PipeWire  0.3.33
Portal Access Control

This document explains how clients from the portal are handled.

The portal is a DBus service that exposes interfaces to request access to the PipeWire daemon to perform a certain set of functions. The PipeWire daemon runs outside the sandbox, the portal is a way for clients inside the sandbox to connect to and use PipeWire.

The PipeWire socket is not exposed in the sandbox. Instead, The portal connects to PipeWire on behalf of the client, informing PipeWire that this client is a portal-managed client. PipeWire can detect and enforce extra permission checks on the portal managed clients.

Once such portal is the Camera portal that provides a PipeWire session to stream video from a camera.

Use cases

new portal managed clients need device permissions configured

When a new client is detected, the available objects need to be scanned and permissions configured for each of them.

Only the devices belonging to the media_roles given by the portal are considered.

new devices need to be made visible to portal managed clients

Newly created objects are made visible to a client when the client is allowed to interact with it.

Only the devices belonging to the media_roles given by the portal are considered.

permissions for a device need to be revoked

The session manager listens to changes in the permissions of devices and will remove the client permissions accordingly.
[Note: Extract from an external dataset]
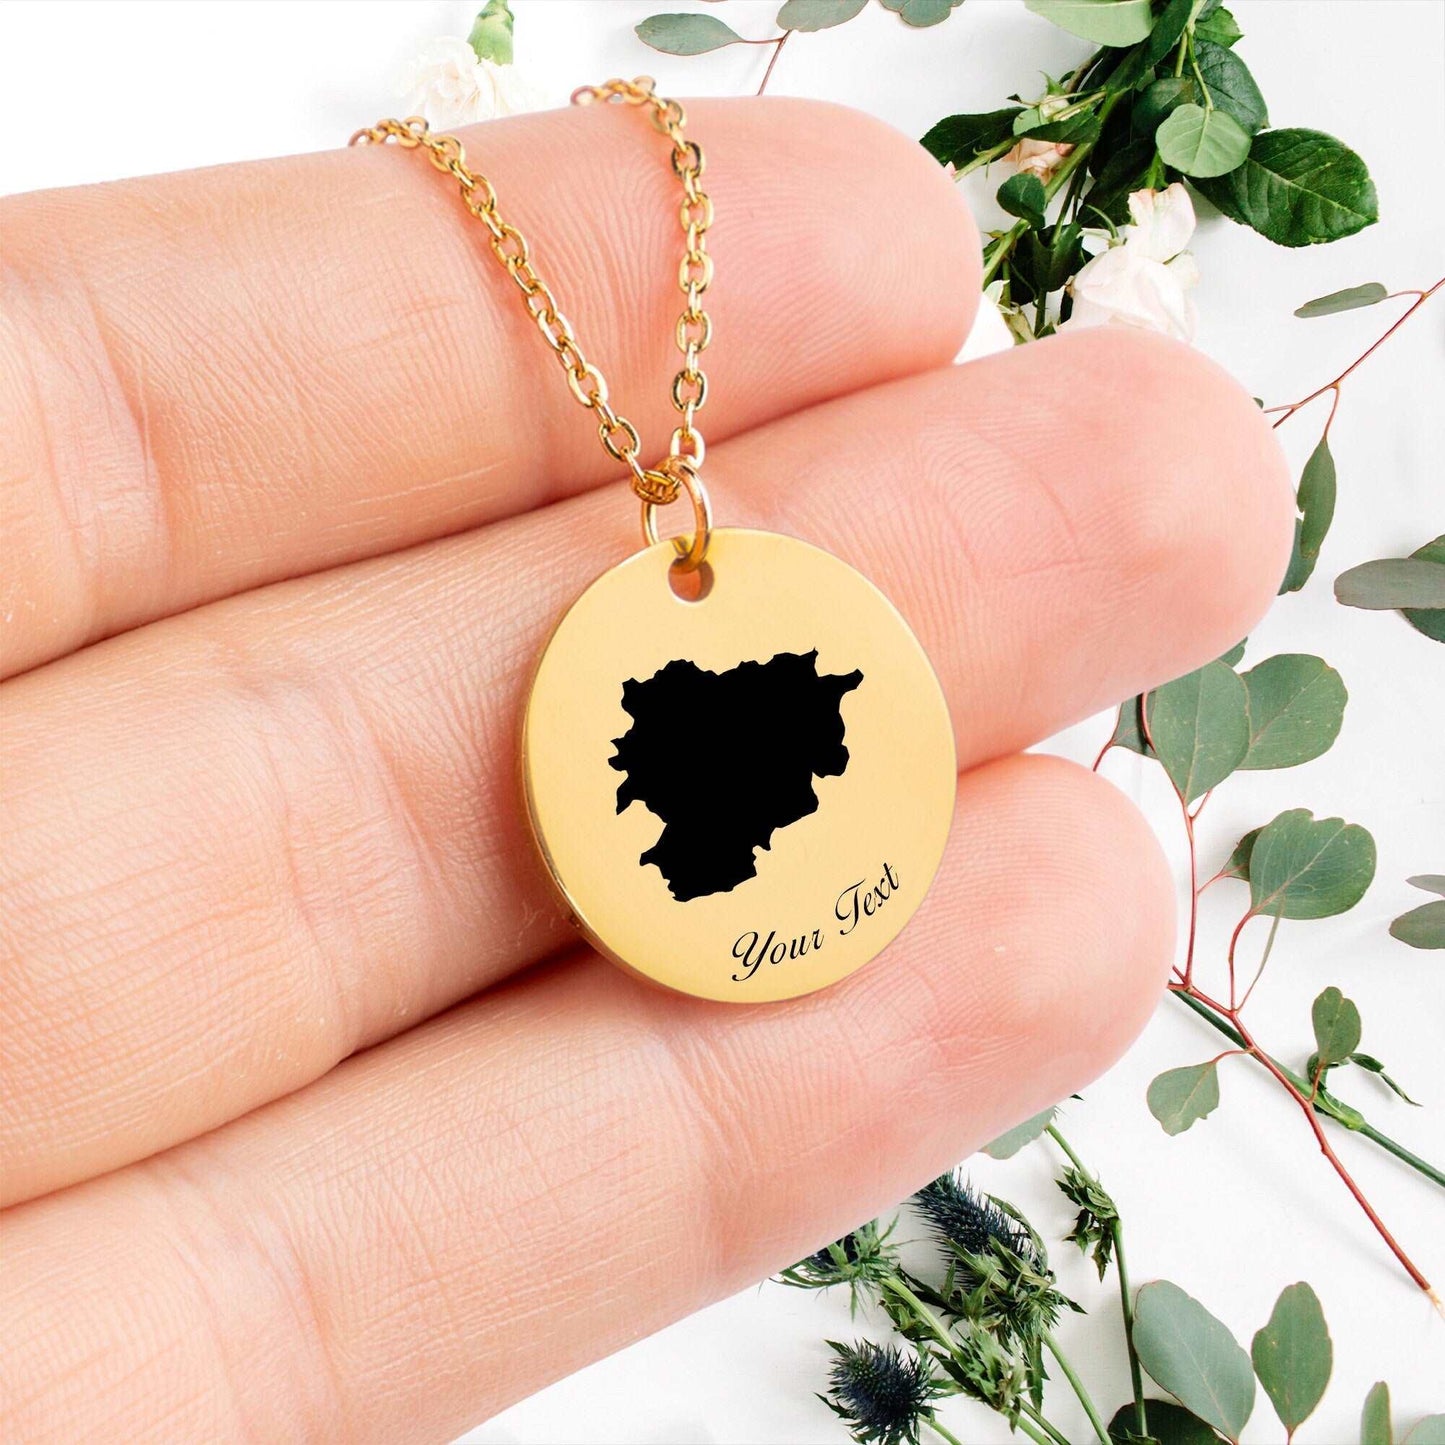 Andora Country Map Necklace, Your Name Necklace, Minimalist Necklace, Personalized Gift, Silver Necklace, Gift For Him Her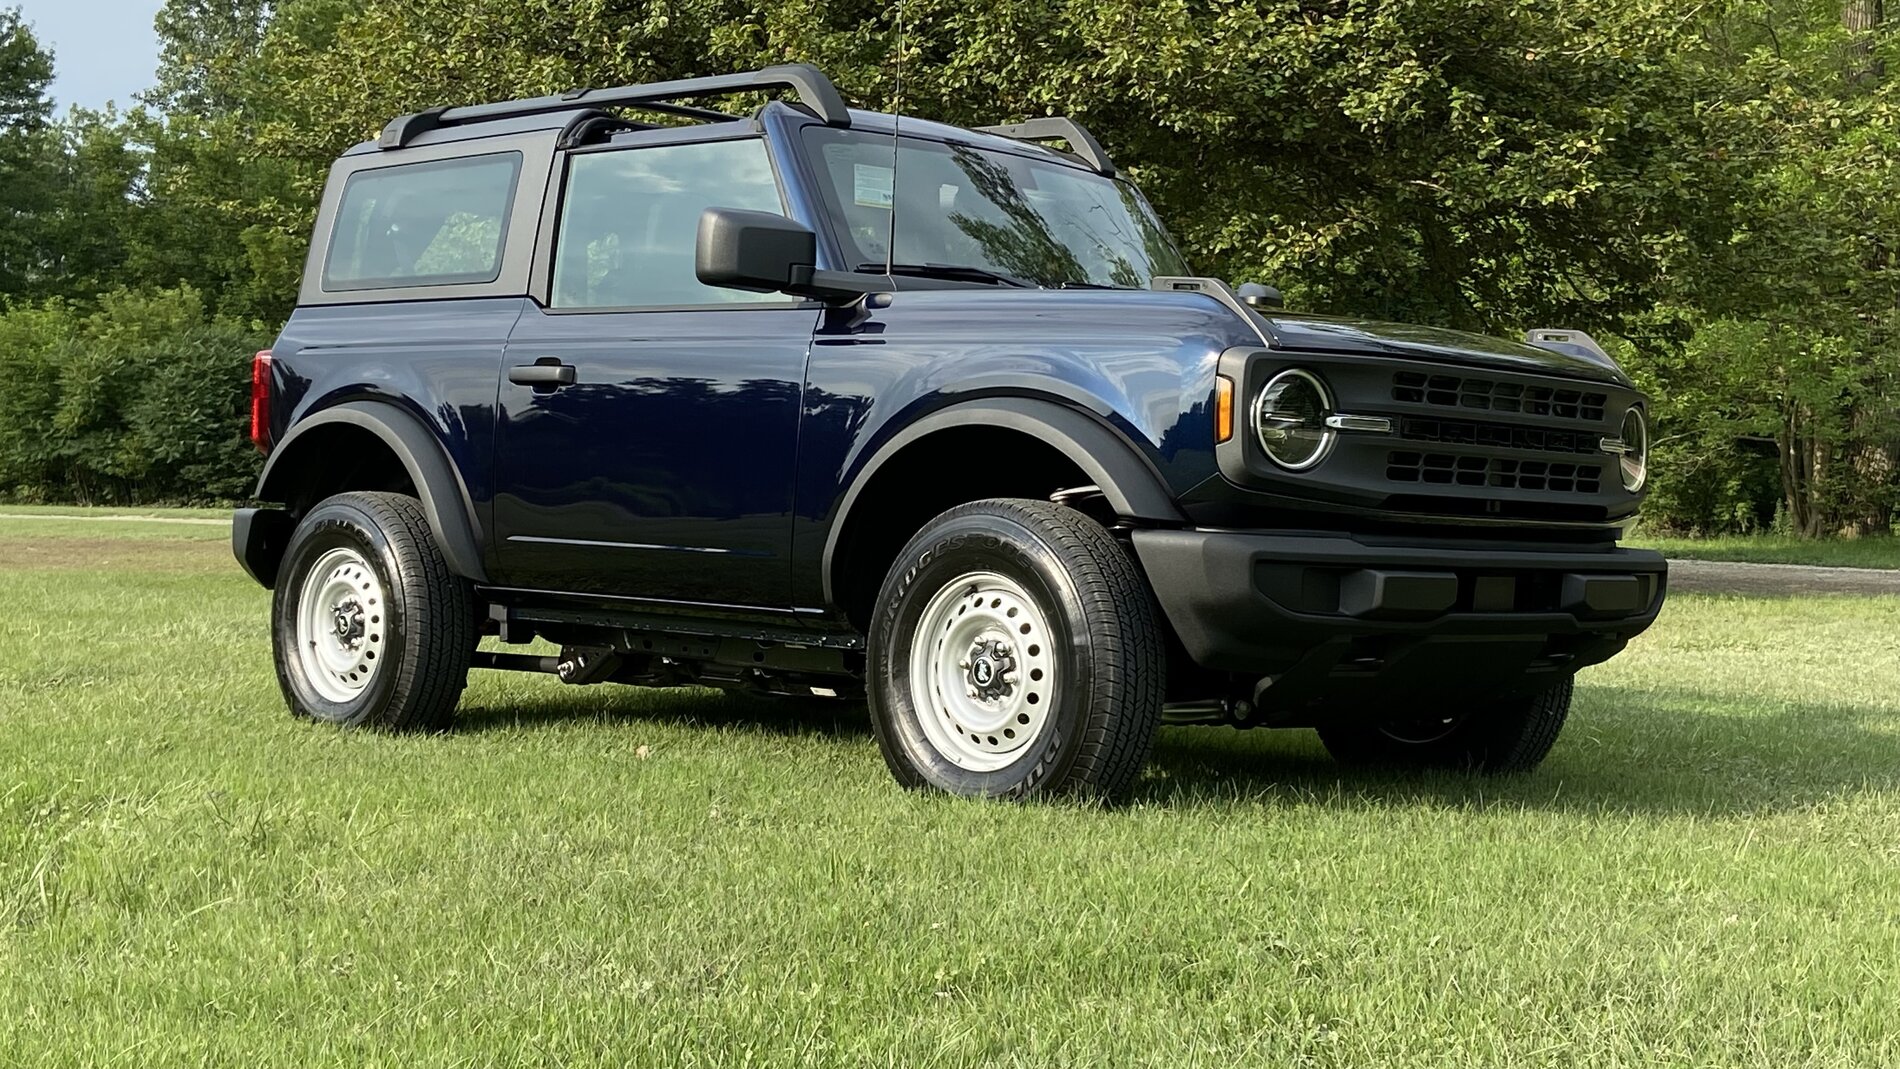 Ford Bronco Thoughts on 2 dr vs 4 dr drivability? tempImageqf2EDW

Usually this is implemented by listening to the permission store DBus object. The desktop environment might provide a configuration panel where these permissions can be managed.

Design

The portal

A sandboxed client cannot connect to PipeWire directly. Instead, it connects to the sandbox side of the portal which then connects the PipeWire daemon to configure the session. The portal then hands the file descriptor of the PipeWire connection to the client and the client can use this file descriptor to interface with the PipeWire session directly.

When the portal connects, it will set the following properties on the client object:

  • "pipewire.access.portal.is_portal" = true for the connection of the portal itself (as opposed to a client managed by the portal).
  • "pipewire.access.portal.app_id" the application id of the client.
  • "pipewire.access.portal.media_roles" media roles of the client. Currently only "Camera" is defined.

Before returning the connection to a client, the portal configures minimal permissions on the client. No objects are initially visible. It is the task of the PipeWire Session Manager to make the objects in the graph visible, depending on the client's media_roles (see also PW_KEY_MEDIA_ROLE).

The PipeWire portal module

The pipewire daemon uses the PipeWire Module: Portal to find the PID of the processes that owns the DBus name org.freedesktop.portal.Desktop (see the XDG Desktop Portal).

Client connections from this PID are tagged as PW_KEY_ACCESS "portal" (see PipeWire Module: Access). It will also set ALL permissions for this client so that it can resume.

The client

A client can ask the portal for a connection to the PipeWire daemon.

It receives a file descriptor that can then be used to interface with the PipeWire daemon.

The connection will have been tagged by the portal as shown above and will have limited permissions.

The session manager

The session manager listens for new clients to appear. It will use the PW_KEY_ACCESS property to find portal connections.

Based on the media_roles it will enable or disable access to PipeWire objects. It might have to consult a database to decide what is allowed.

The permission store can be used for this. Usually the portal also implements support for org.freedesktop.impl.portal.PermissionStore, see for example the Media Session Module: Access Portal.